So, here's the overall operating system, and
I wish to remind you that we are implementing a class called Memory.
And we'll begin by explaining the needs, the solutions, the algorithms, and so on.
And finally, as usual, we'll end with the implementation notes.
So the Memory class features four classical operations.
Peek, poke, alloc, and deAlloc.
And they are classical in the sense that every operating system out there,
whether it's Unix, Windows, OSX.
Implements in these operations in one way or another.
And typically, they also have the same names.
So the Jack operating system will include an implementation of these
services also, and that's the subject of this and the next unit.
In this unit, we're going to talk about peek and poke only.
So, why do we need peek and poke, or
what is the problem to which peek and poke is the solution?
Well, our programs run on some host computer, and
the host computer has a host RAM.
And yet, pur programs don't know how to handle the RAM, right?
If you write the program in Jack, well, the program eventually accesses the RAM.
Or, we should state it more accurately,
the code which is generated from our program eventually accesses the RAM.
But at the high level, all we know is to handle variables, objects, arrays.
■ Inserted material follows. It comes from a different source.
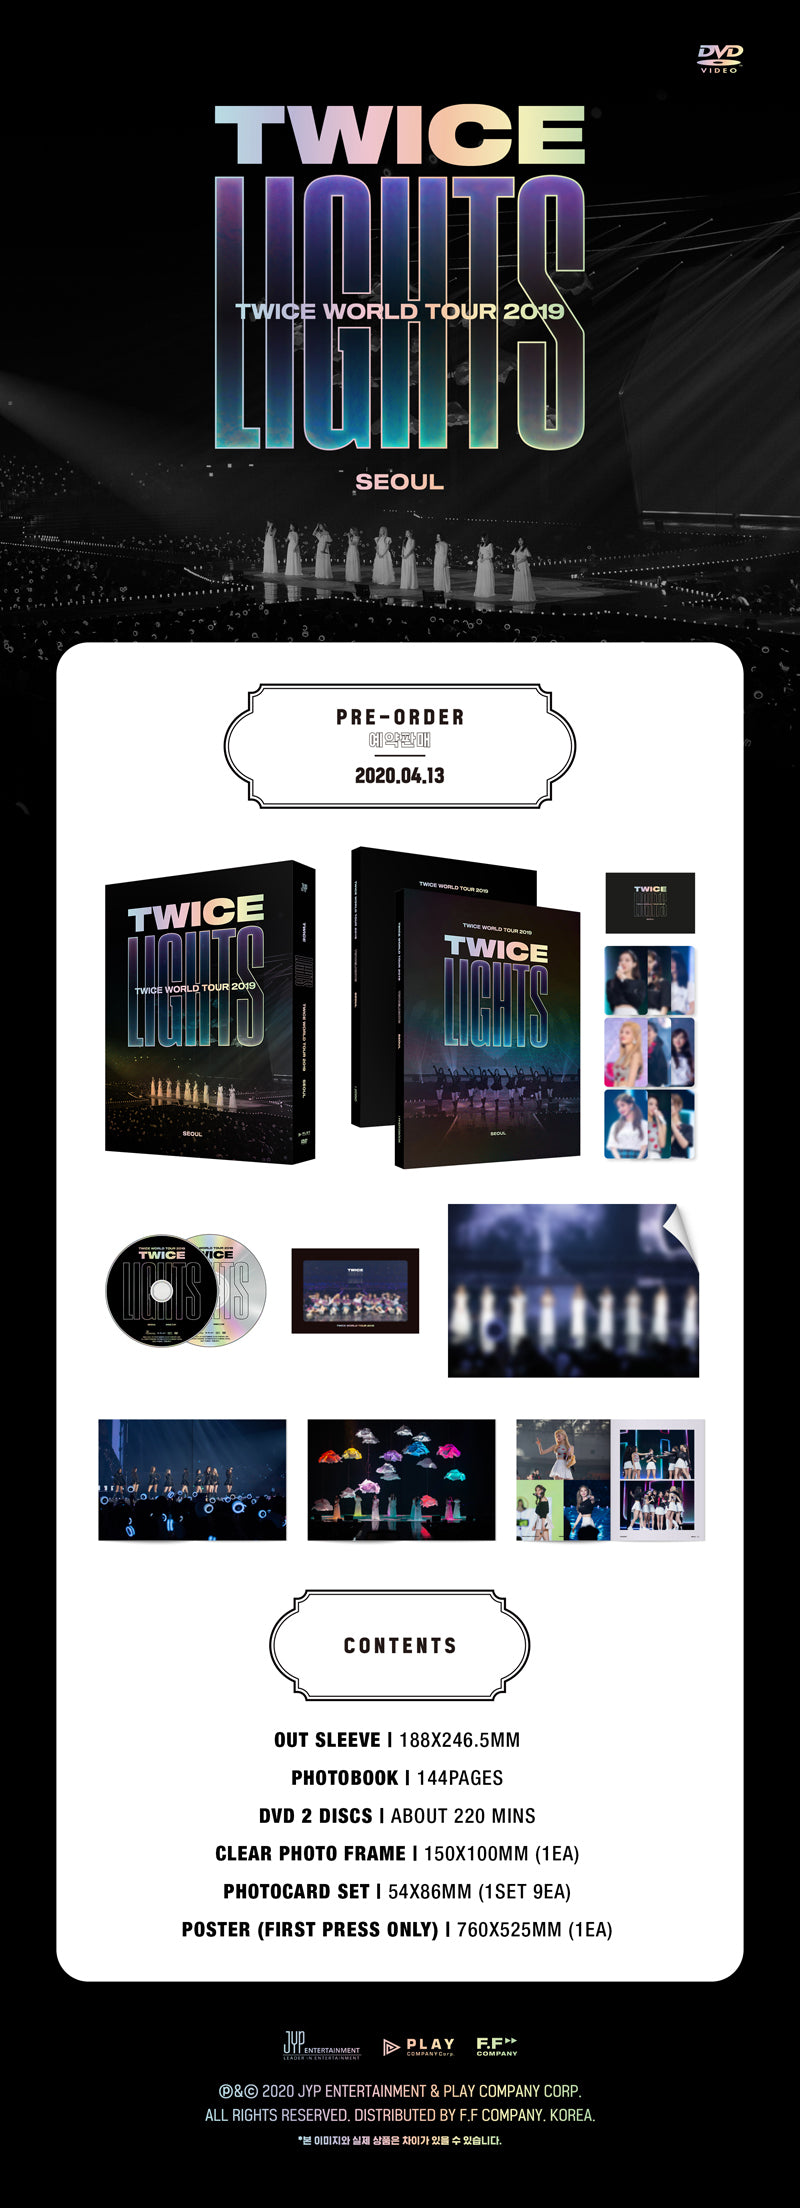 Dos veces - 2019 World Tour 'Twicelights' en Seúl (DVD)

Fortunately, we can access the RAMusing these obstructions.
Otherwise it would be a nightmare to write high-level programs.
And yet someone has to create the bridge between these high-level abstractions and
the bare-bone RAM.
And likewise, application programs are quite fond of reading
things from the keyboard and writing stuff to the screen.
And they do it without paying any attention to how these
operations are actually being carried out.
Well we know by now that they are being carried out by the operating system.
Because the operating system, once again, provides a bridge
between the high-level Jack programs and the bare-bone hardware.
And the screen and the keyboard in particular are implemented using memory
maps which are located also in the RAM.
So at the end it all boils down to turning bits on and off in this RAM unit.
And that's what peek and poke are designed to do.
In particular the OS provides low level services
that facilitate direct access to the RAM.
And then using these low level primitives the OS builds some more
advanced functions, for example, readInt and printInt.
Which use these primitives in order to deliver the abstractions
that the high-level programmers expect to see and use.
And in this unit we are going to talk about, once again, peek and poke.
Peek is designed to return the value of a selected address from the RAM.
So it returns a 16 bit value.
And poke takes a particular address and a value, a 16 bit value and
it sets the RAM in this address to the supplied value.
So for example, I've picked an arbitrary address,
1903, which happens to contain the number 7.
And so if I write the code let x = Memory.peek in this address,
x will become seven.
If I write the code, do Memory.poke, this address to -1,
then this address will become 11111 16 times.
Which is the binary manifestation of decimal -1 in the 2's complement method.
So, that's the typical operation or the generic operation of peek and poke.
And you see why they have these names.
Peek allows you to literally peek into the RAM and
figure out what is written in a particular address.
And poke enables you to take your finger, so to speak,
and poke a particular address in the RAM.
And change it to some other value if you so desire.
All right, so how should we implement peek and poke?
Well it turns out that this is quite a fascinating question.
This is our RAM which happens to be divided into all sorts of logical areas.
By the hardware and software conventions that we introduced throughout the course.
And we want to be able to somehow access any given address from this RAM directly.
And yet we want to do it in Jack.
Because our operating system is written in Jack, just like Windows is written in C++.
So how can we access the host RAM from Jack?
Well, let's start with a naive solution.
Here's the naive solution.
We create an array that we call RAM.
And we initialize it to be an array of 16
bit values of 32,768 entries which is the size of the hack RAM.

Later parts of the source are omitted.